Let me start off by saying I don't want to print only the duplicate lines nor do I want to remove them.
I am trying to use grep with a pattern file to parse a large data file.
The Pattern file for example may look like this:
1243
1234
1234
1234
1354
1356
1356
1677
etc. with more single and duplicate entries.
The Input data file might look like this:
aatta 1243 qqqqqq
yyyyy 1234 vvvvvv
ttttt 1555 bbbbbb
ppppp 1354 pppppp
yyyyy 3333 zzzzzz
qqqqq 1677 eeeeee
iiiii 4444 iiiiii
etc. for 27000 lines.
when i use
grep -f 'Patternfile.txt' 'Inputfile.txt' > 'Outputfile.txt'
I get an output file that resembles this:
aatta 1243 qqqqqq
yyyyy 1234 vvvvvv
ppppp 1354 pppppp
how would can i get it to also report the duplicates so i end up with something like this?:
aatta 1243 qqqqqq
yyyyy 1234 vvvvvv
yyyyy 1234 vvvvvv
yyyyy 1234 vvvvvv
ppppp 1354 pppppp
qqqqq 1677 zzzzzz
Additionally I would also like to print a blank line should a query in the pattern file not match a substring in the input file.
Thank you!
One solution, not with grep
, but with perl
:
With patternfile.txt
and inputfile.txt
with data of your original post. Next content of script.pl
should do the job (I assume that the string to match is the second column, otherwise it should be modified to use a regexp
instead.
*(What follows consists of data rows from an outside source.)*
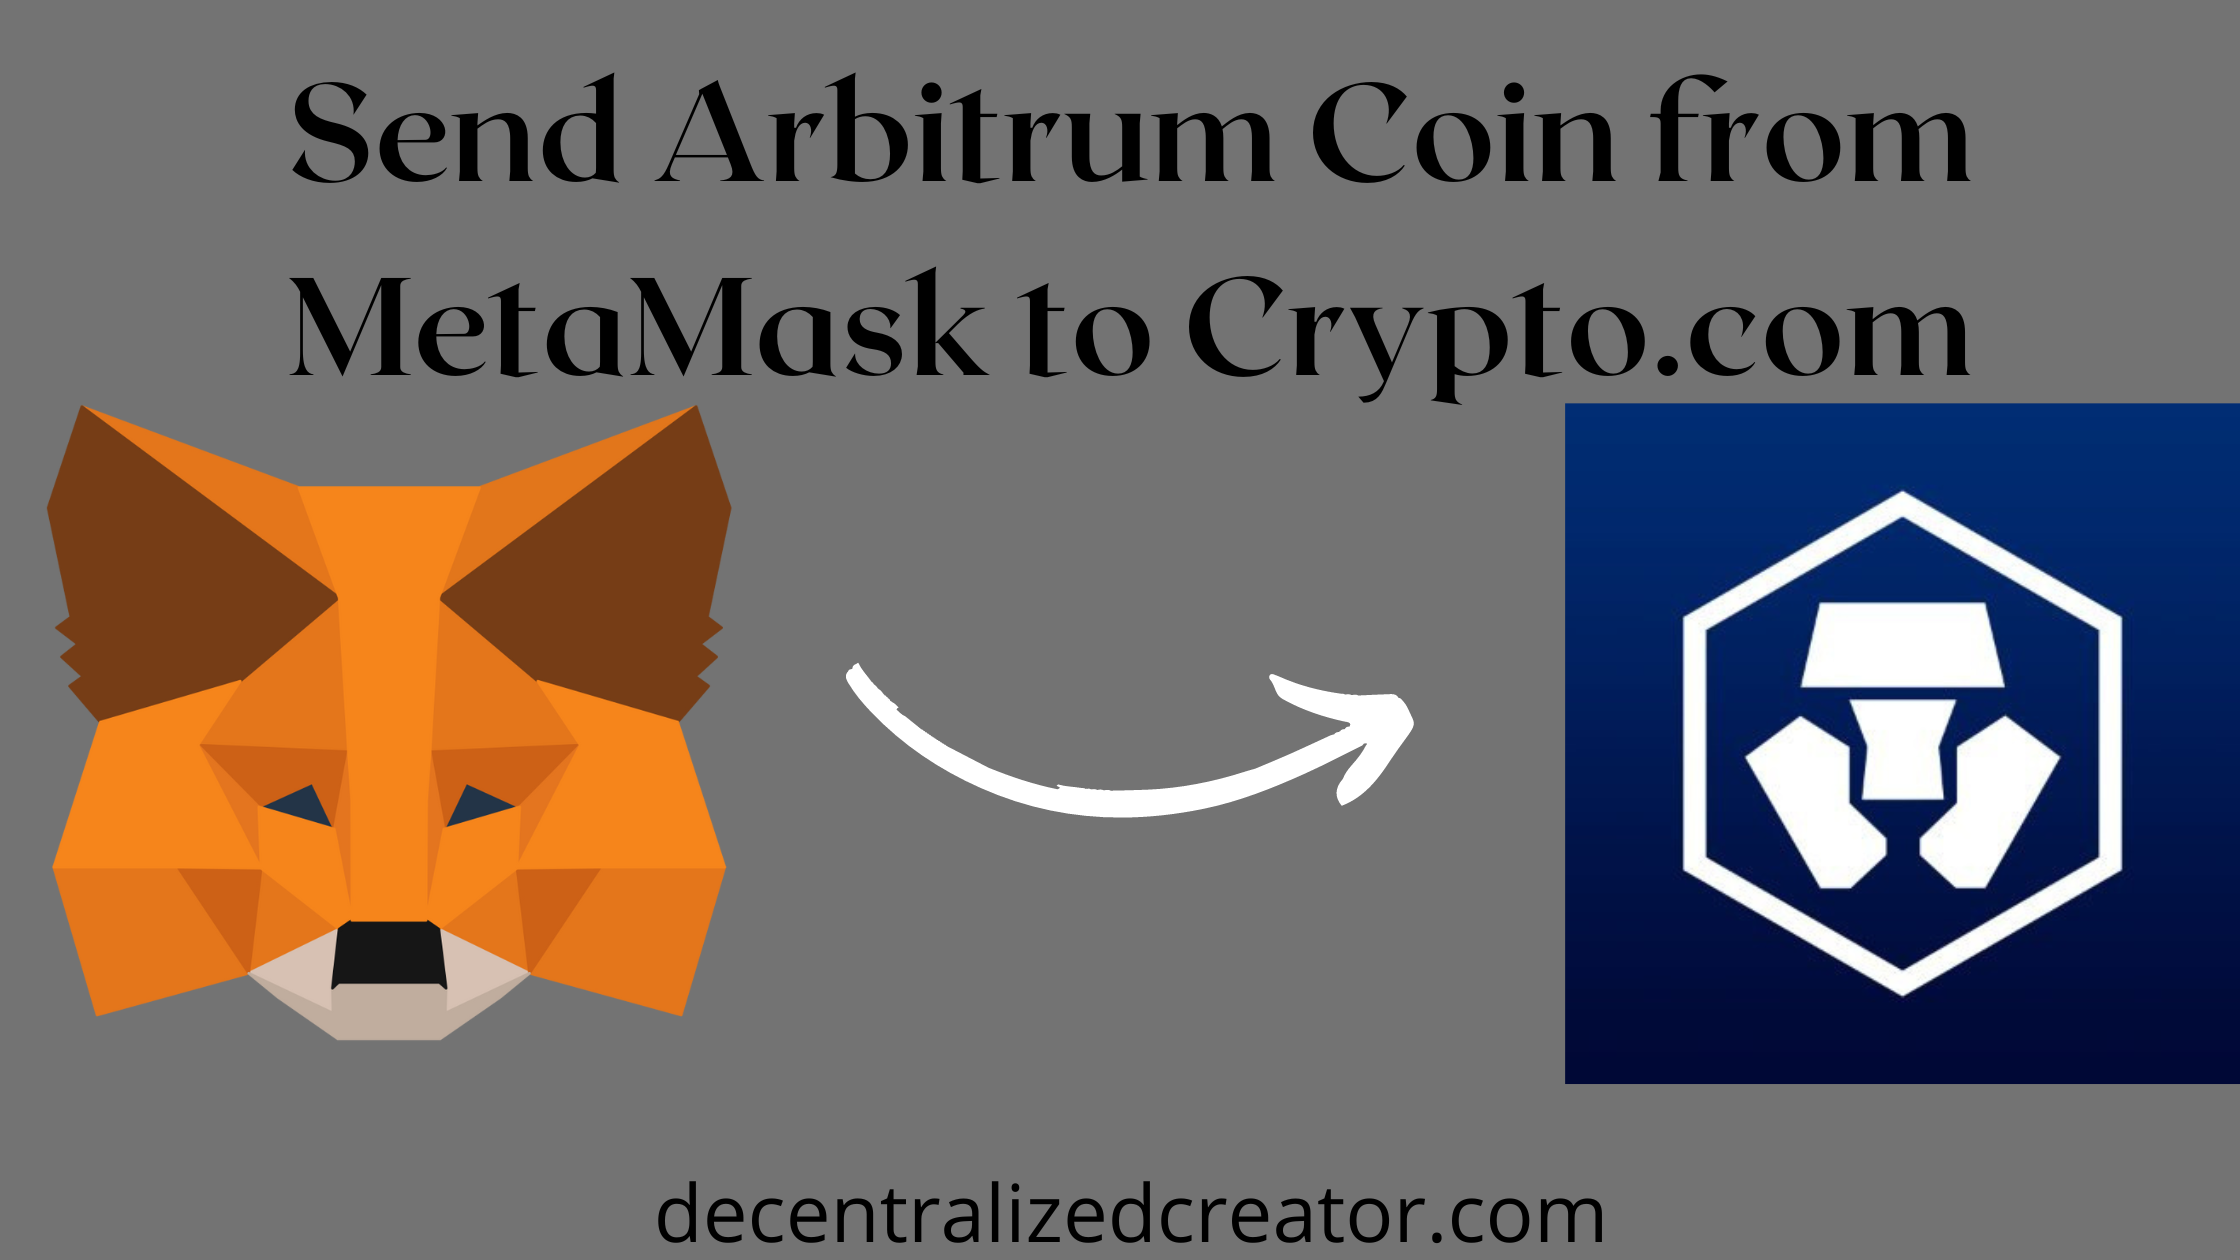 Arbiturm from MetaMask to Crypto.com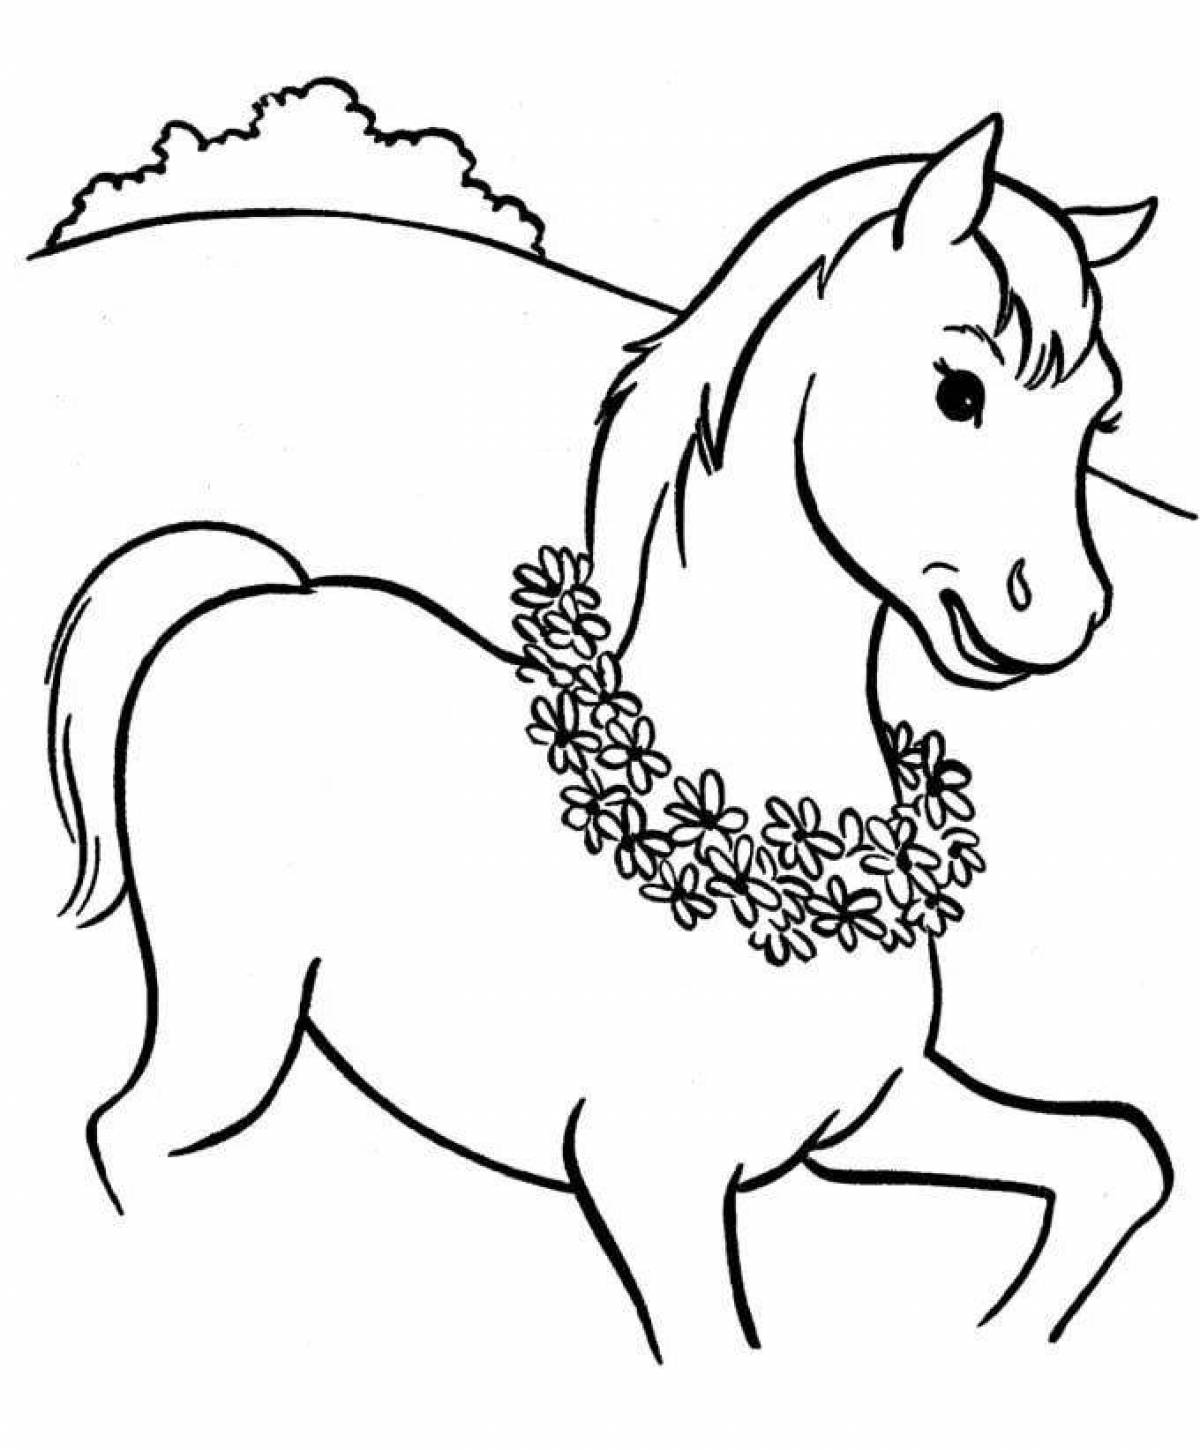 Черная скачущая лошадь-раскраска для детей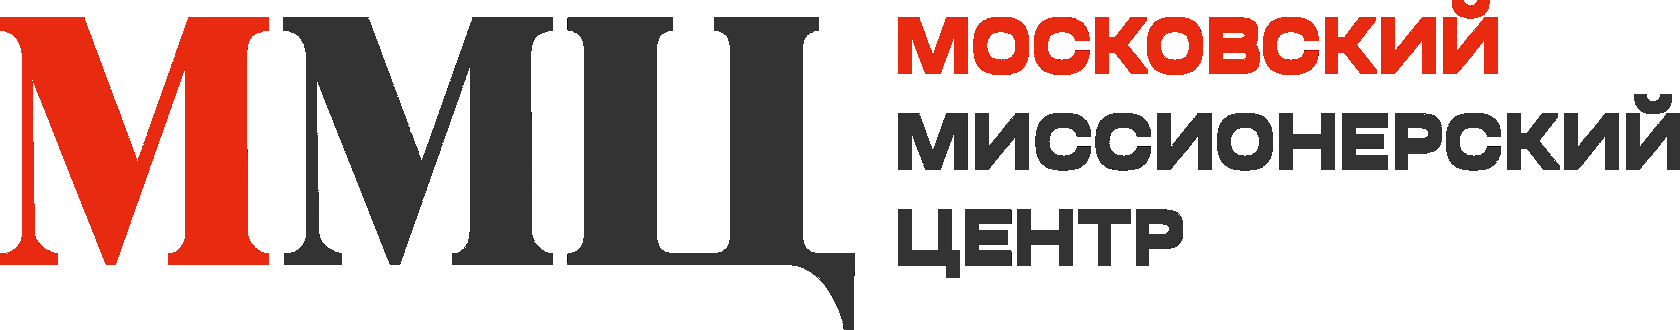 Московский миссионерский центр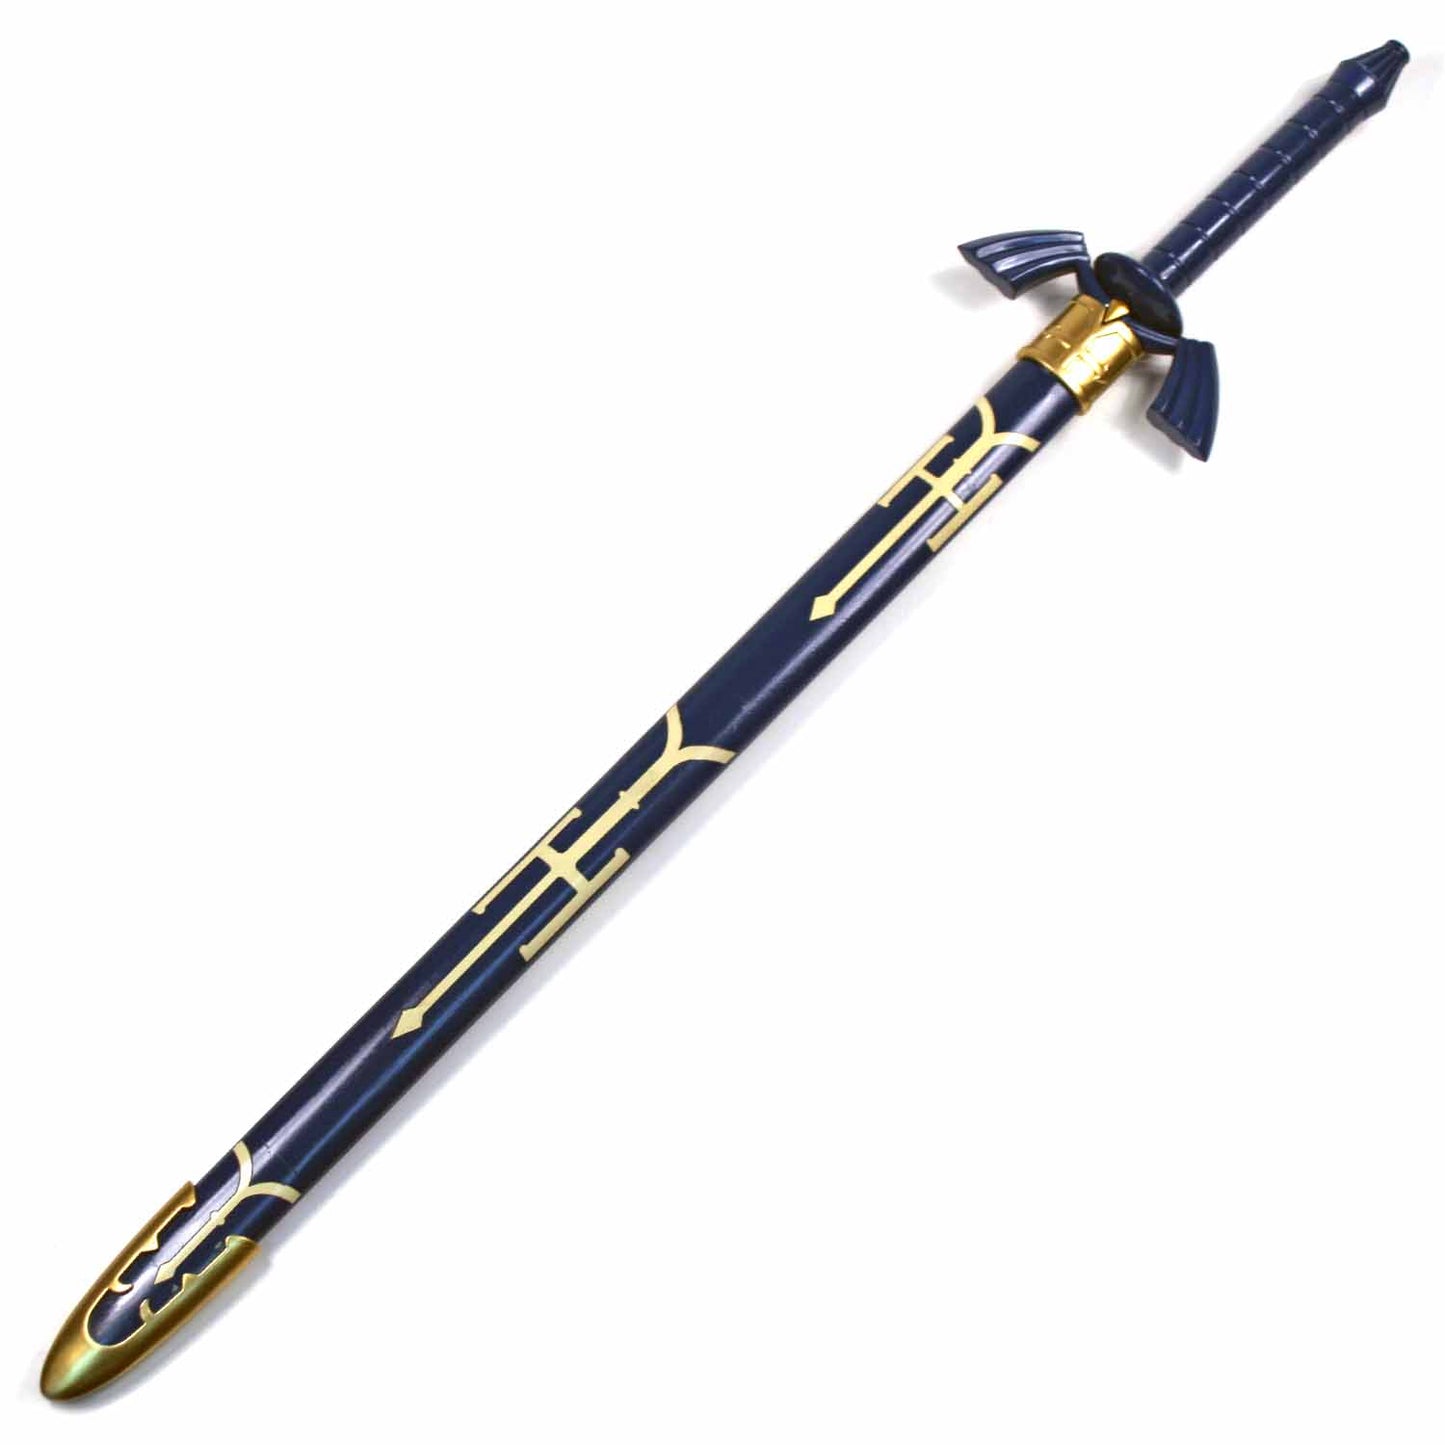 Legend of Zelda Master Sword with Scabbard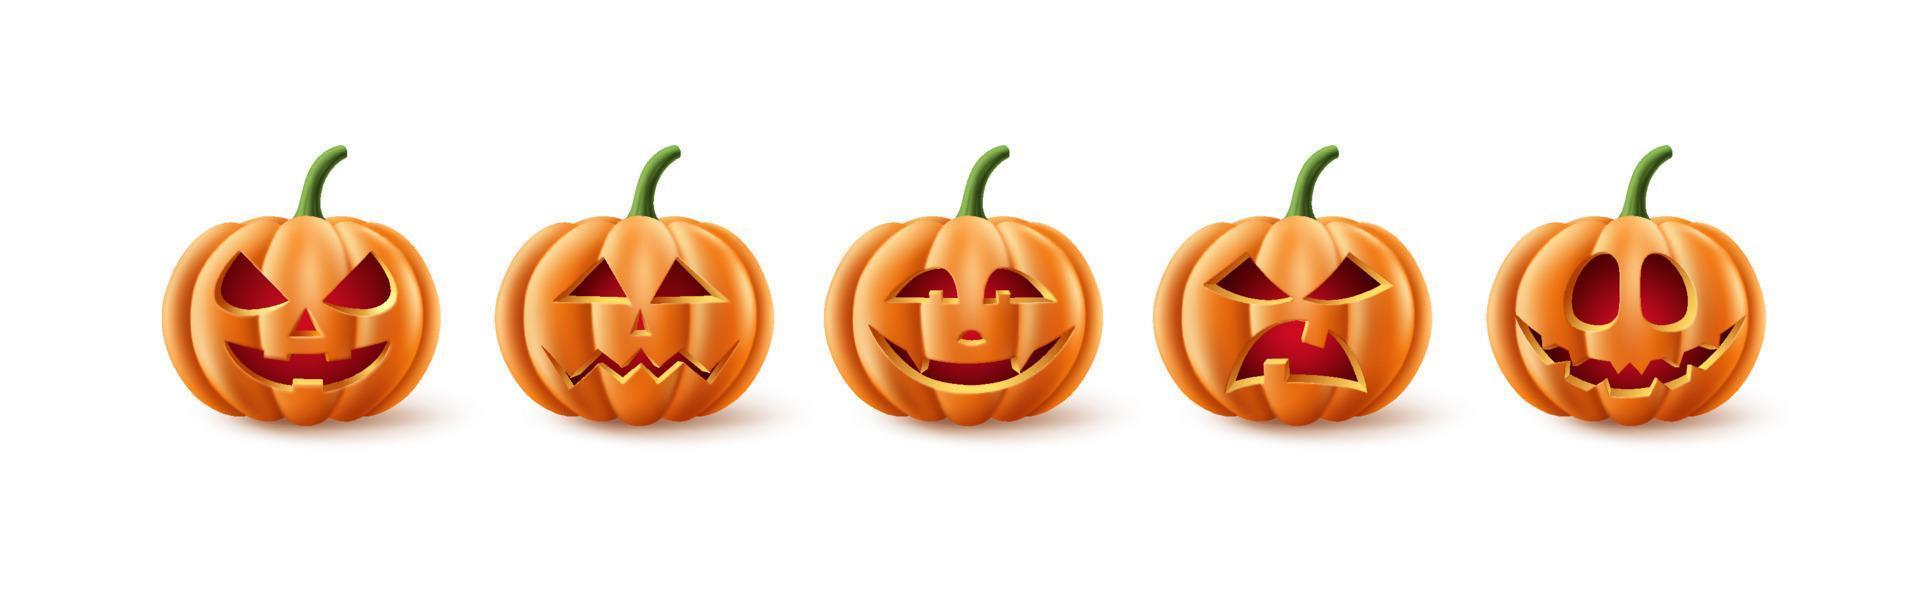 halloween pumpor vektor set. halloween pumpa element samling i kusligt, läskigt och läskigt med ansiktsuttryck för ikoner och dekorationer isolerade i vit bakgrund. vektor illustration.

This way is faster):
use warnings;
use strict;
## Check arguments.
die qq[Usage: perl $0 <pattern-file> <input-file>\n] unless @ARGV == 2;
## Open input files.
open my $pattern_fh, qq[<], shift @ARGV or die qq[Cannot open pattern file\n];
open my $input_fh, qq[<], shift @ARGV or die qq[Cannot open input file\n];
## Hash to save patterns.
my (%pattern, %input);
## Read each pattern and save how many times appear in the file.
while ( <$pattern_fh> ) {
chomp;
if ( exists $pattern{ $_ } ) {
$pattern{ $_ }->[1]++;
}
else {
$pattern{ $_ } = [ $., 1 ];
}
}
## Read file with data and save them in another hash.
while ( <$input_fh> ) {
chomp;
my @f = split;
$input{ $f[1] } = $_;
}
## For each pattern, search it in the data file. If it appears, print line those
## many times saved previously, otherwise print a blank line.
for my $p ( sort { $pattern{ $a }->[0] <=> $pattern{ $b }->[0] } keys %pattern ) {
if ( $input{ $p } ) {
printf qq[%s\n], $input{ $p } for ( 1 .. $pattern{ $p }->[1] );
}
else {
# Old behaviour.
# printf qq[\n];
# New requirement.
printf qq[\n] for ( 1 .. $pattern{ $p }->[1] );
}
}
Run it like:
perl script.pl patternfile.txt inputfile.txt
And gives next output:
aatta 1243 qqqqqq
yyyyy 1234 vvvvvv
yyyyy 1234 vvvvvv
yyyyy 1234 vvvvvv
ppppp 1354 pppppp
qqqqq 1677 eeeeee